To expand a little on estimates and confidence intervals:

Any statistic (mean, median, proportion) calculated from the study sample is only an estimate of the ‘true’ statistic we would get if we measured every person in the target population

If we started again and selected a different sample, we would get a slightly different statistic. For this reason, statistics calculated from samples should be reported with a confidence interval. For a 95% confidence interval – if you repeated your study 100 times, 95 times out of 100 the statistic would lie within the confidence intervals.^5-7

For example for 20 subjects, the mean FEV₁ and 95% confidence interval might be 60% – 80%. As the number of subjects increases the confidence interval decreases. If you measured 40 subjects, the mean FEV₁ might still be 70% or something close to it, but the confidence interval would be narrower, say 65% – 75%.

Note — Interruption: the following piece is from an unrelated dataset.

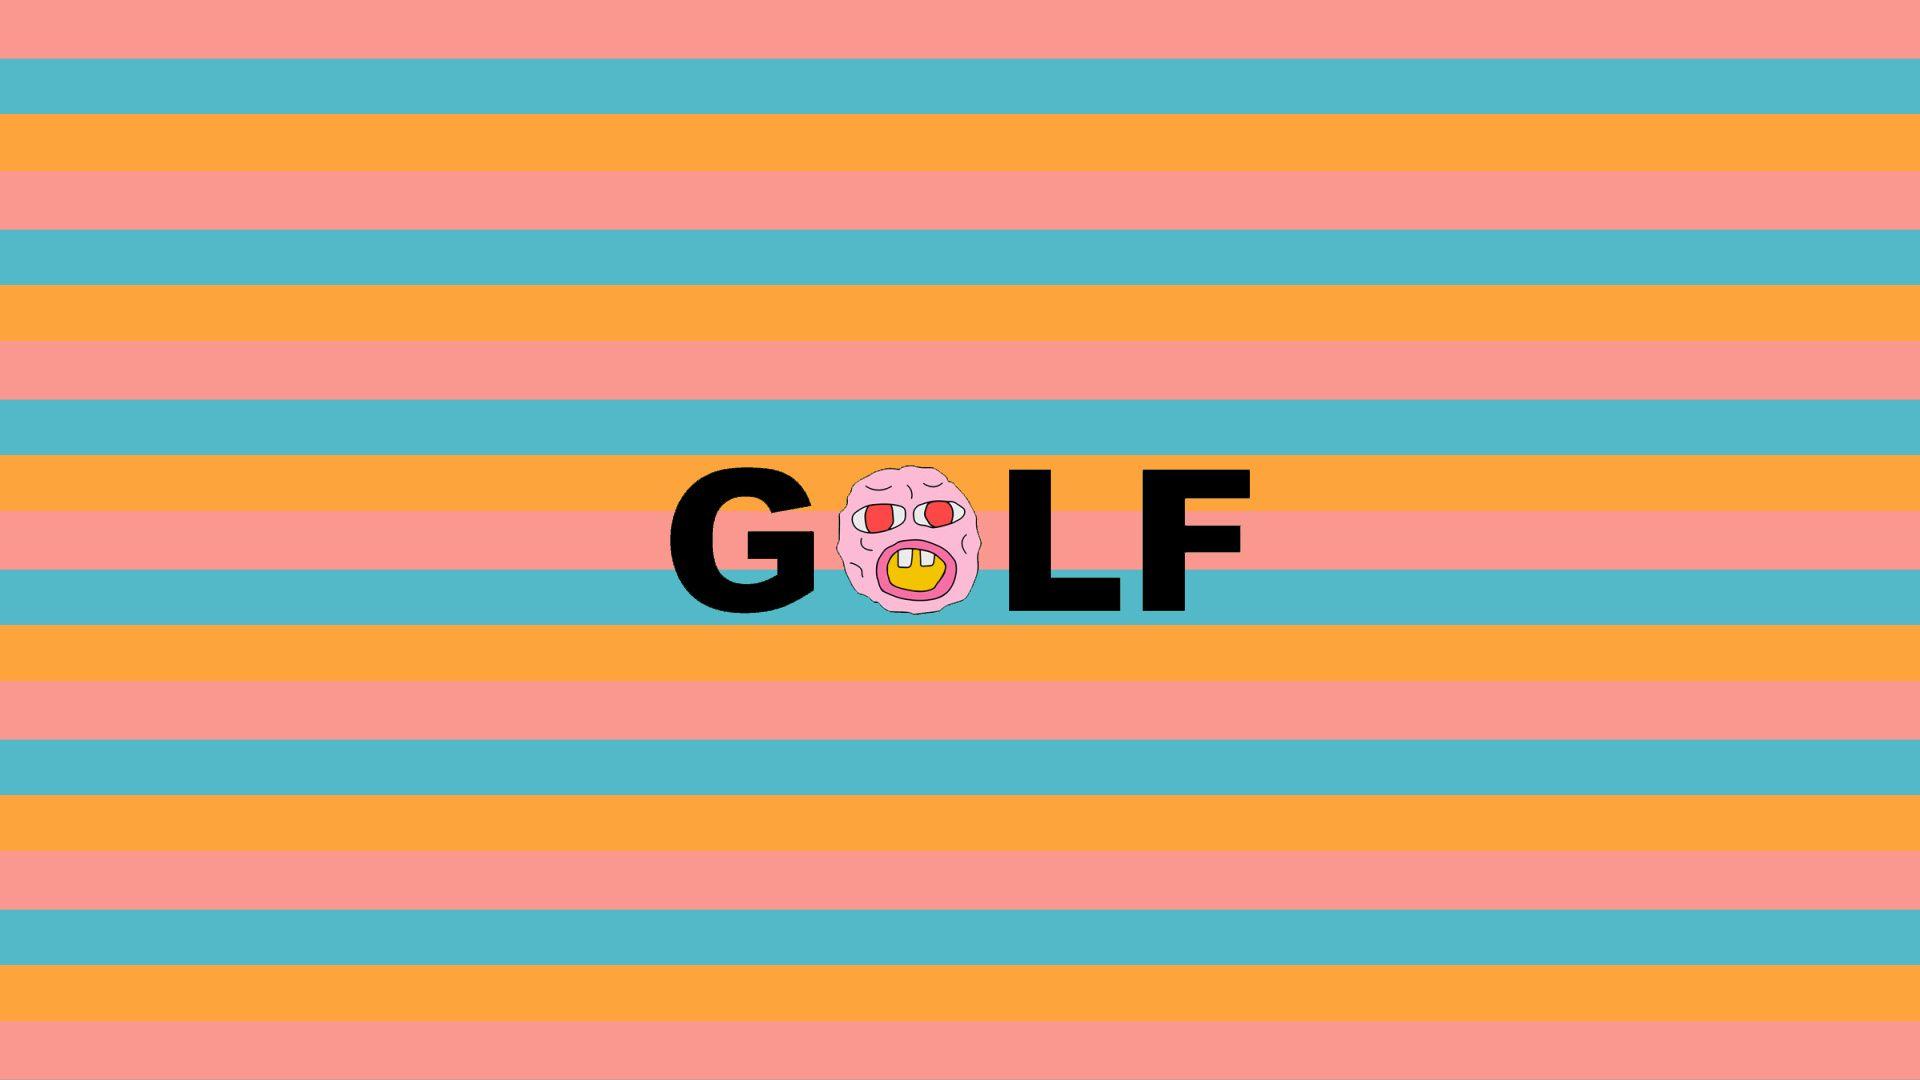 Simple Golf CherryBomb Wallpaper I Made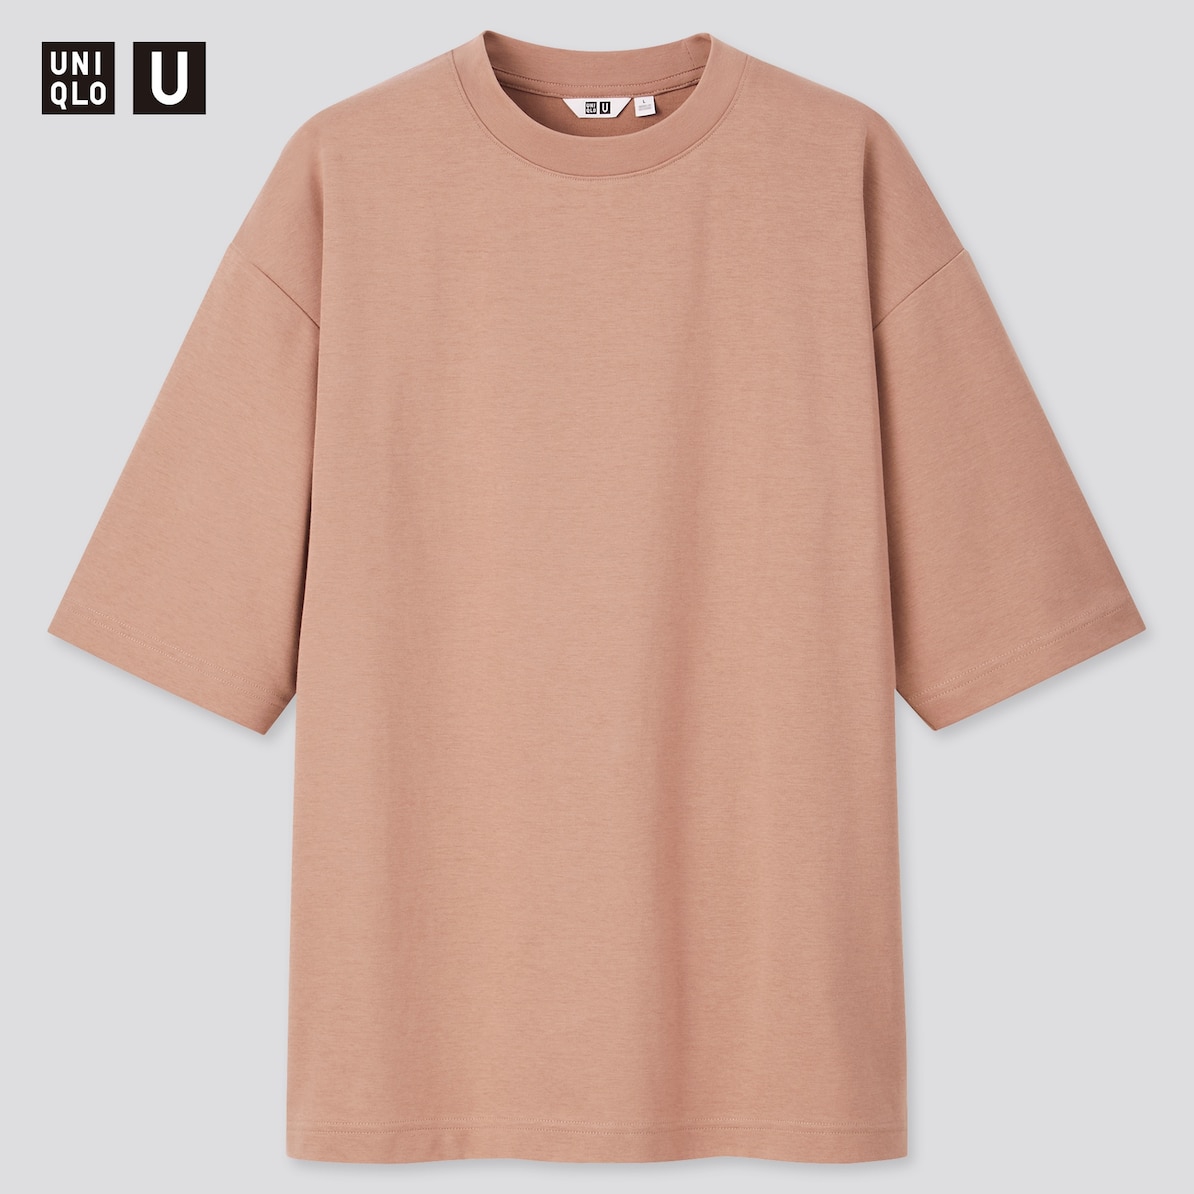 UNIQLO U(ユニクロ ユー) エアリズムコットンオーバーサイズTシャツ（5分袖）

Figure 6. The confidence interval narrows (estimate becomes more precise) as the number of study subjects increases.

Clustering

Valid conclusions assume that the study sample constitutes a random sample. Everitt¹ defines a random sample as:

‘….a sample of n individuals selected from a population in such a say that each sample of the same size is equally likely’. ¹

For example, in the diagram, if the blue circle represents the sampling frame, and the red dots represent subjects in your study, your comparisons assume the first picture, not the second.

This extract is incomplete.